Lana Del Rey: Ultraviolence

23 Jun

I enjoyed Lana Del Rey’s 2012 album Born to Die. It was over-stylized and a little too easy to digest, but nevertheless good, intriguing music. Even if it painted in cliché, the album itself made an interesting whole and the pictures it drew were unique, if not wholly novel. Additionally, it was highly consistent and coherent, both of which are necessary for something that tries to be new. Ultimately though, the album failed to live up to its breakout single “Video Games” and similarly her second album Ultraviolence fails to live up to Born to Die.

The album starts well. The title track is a wonderful trip into her world. There is all of the theater that defines her work, the sounds and imagery writ large for none to miss. When she does well, she can do very well. Her voice drifts languorously through exquisite soundscapes. It’s hard to find music quite as evocative as her best.
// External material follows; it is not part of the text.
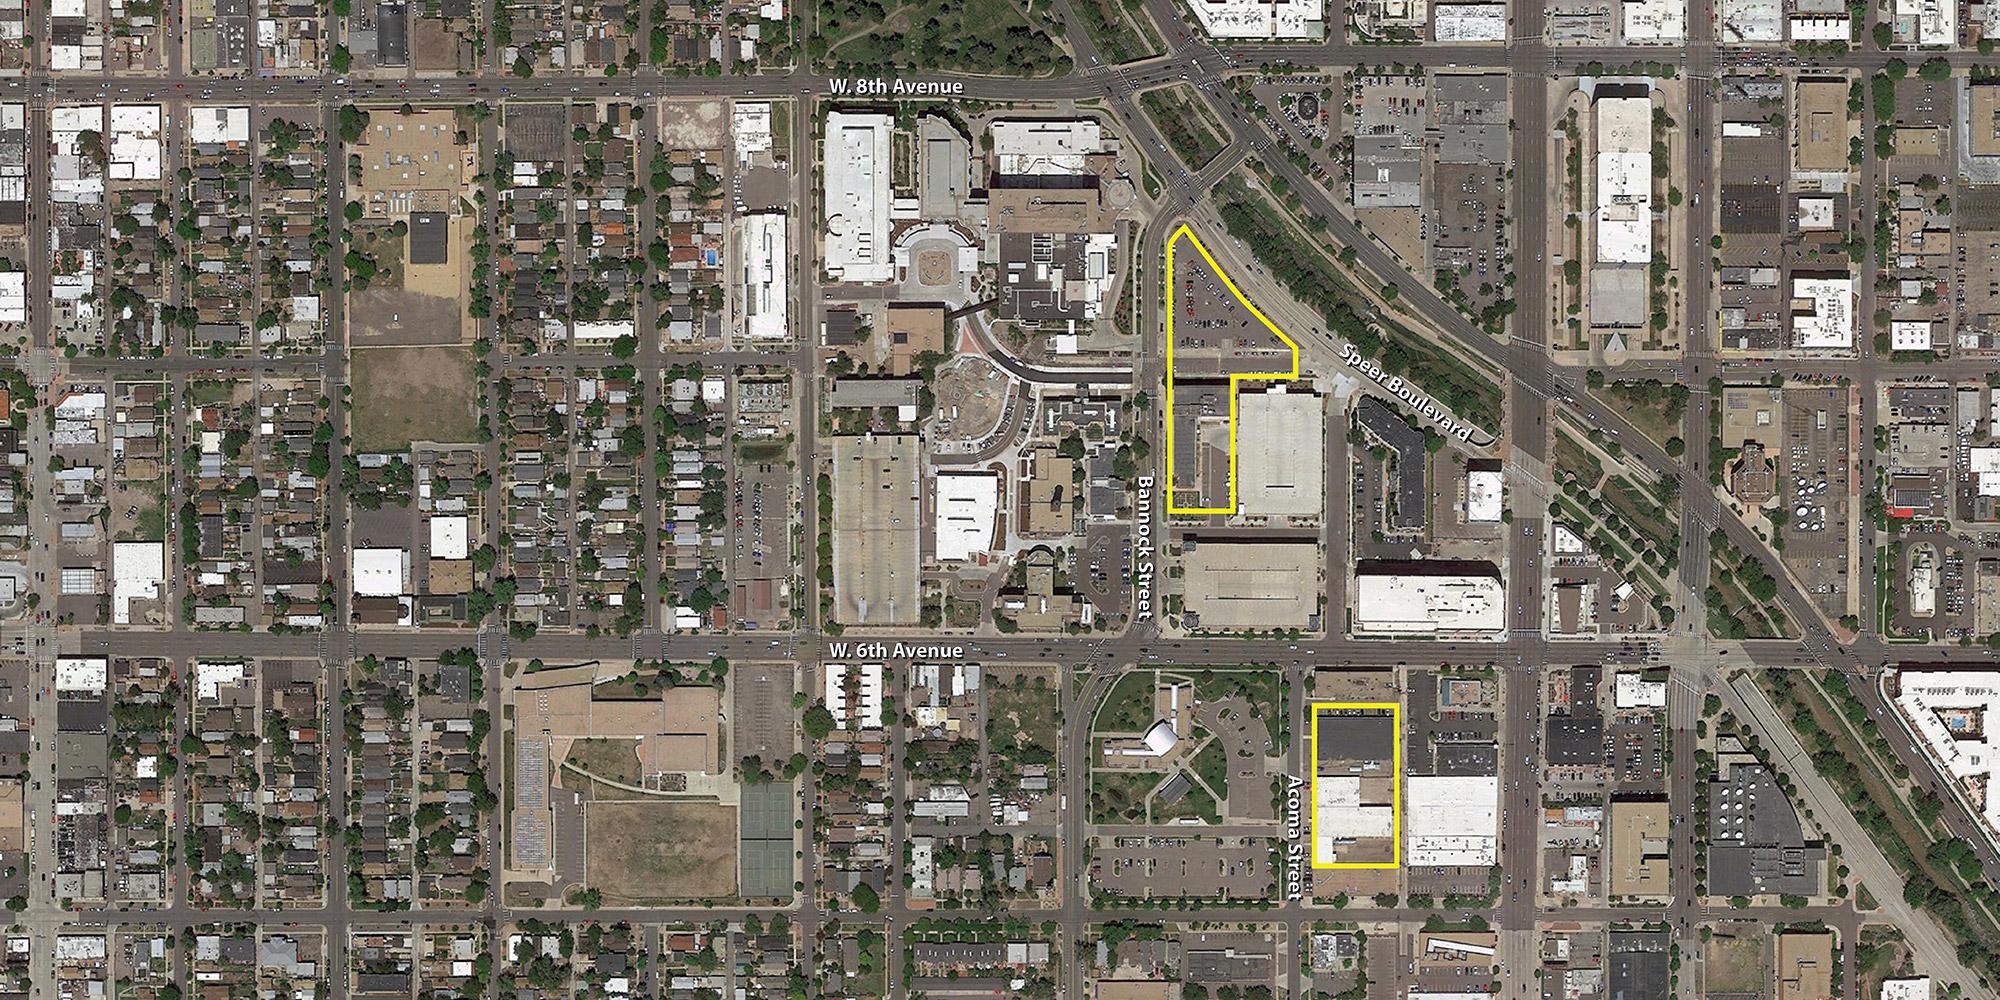 New Denver Health Outpatient Center and parking garage sites outlined on Google Earth aerial
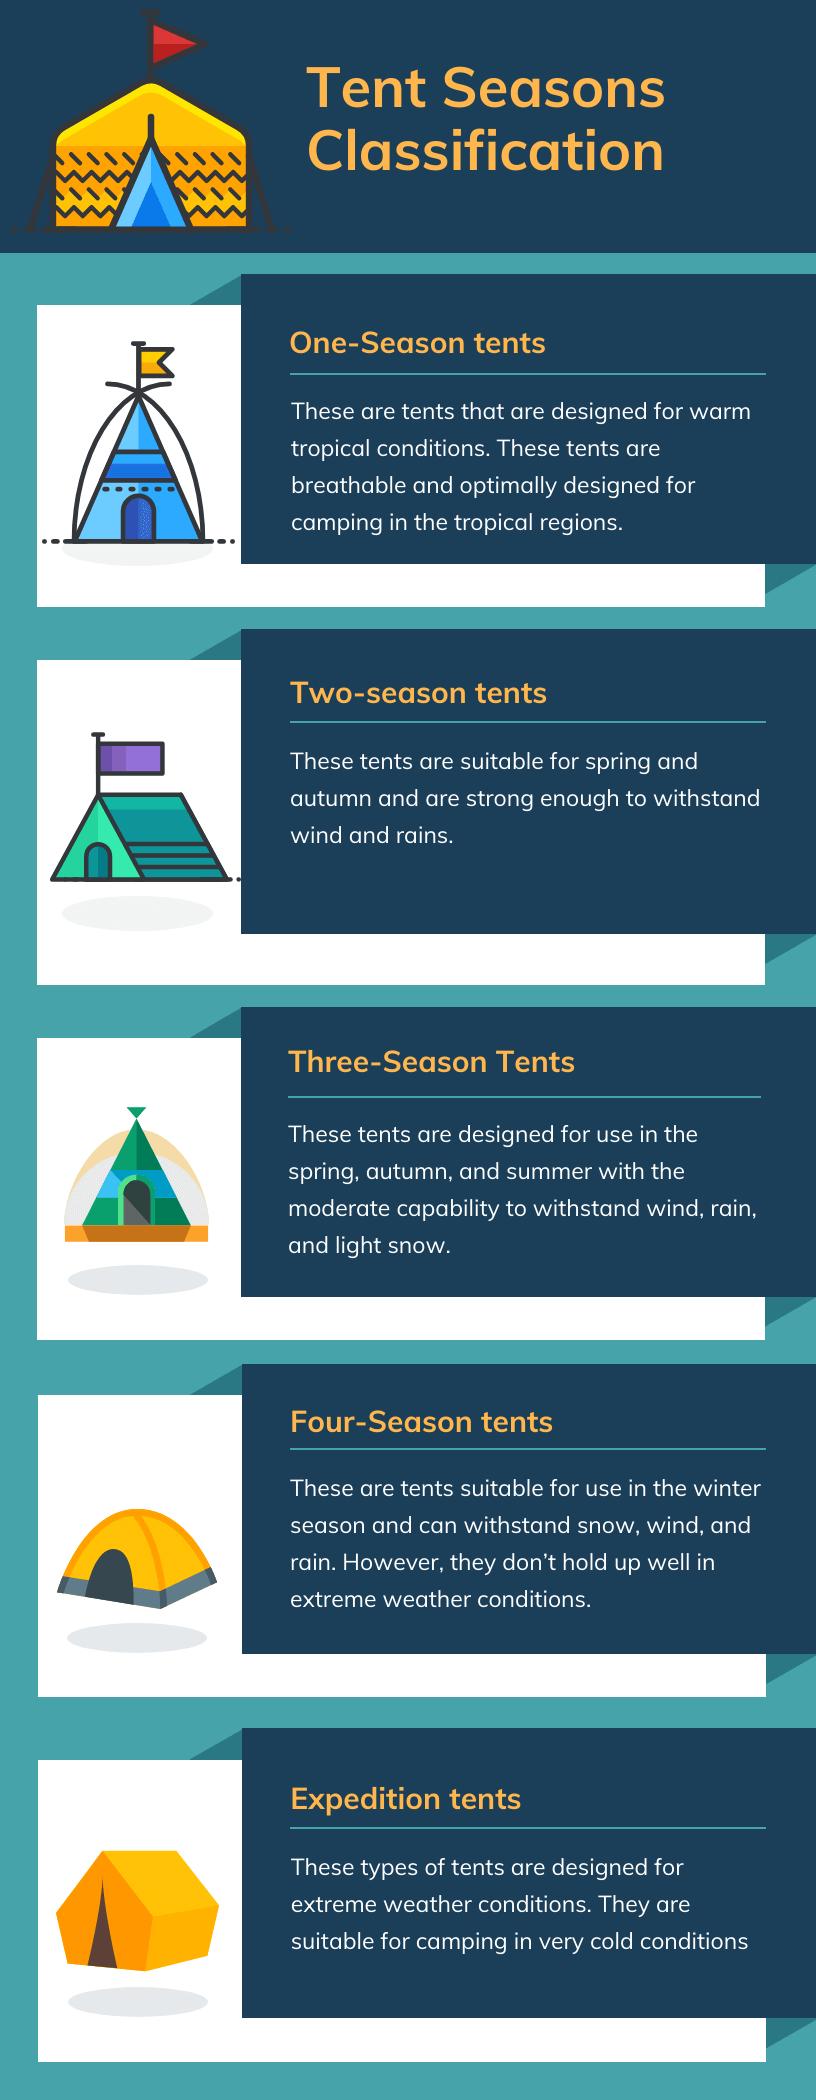 Tent Seasons Classification

Sadly, that doesn’t sustain long enough and the album collapses a little on itself. Her pose starts to feel tired and the album devolves in places to mere emotional hooks instead of actual statements. Additionally, the lyrics are bad enough to break the mood in places. I don’t really need her crooning that she’s a bad girl and the ending of “Brooklyn Baby” is so painfully obvious that actually saying it is just crude.

The album does sound quite different than Born to Die. This is slower and less catchy, but more rich and atmospheric, more theatrical. This is still very clearly a Lana Del Rey album though and there are not enough of those around. No one else makes pop that sounds like hers. All told, this is a quite reasonable album and she does get points for uniqueness, but this is still nothing more than reasonable.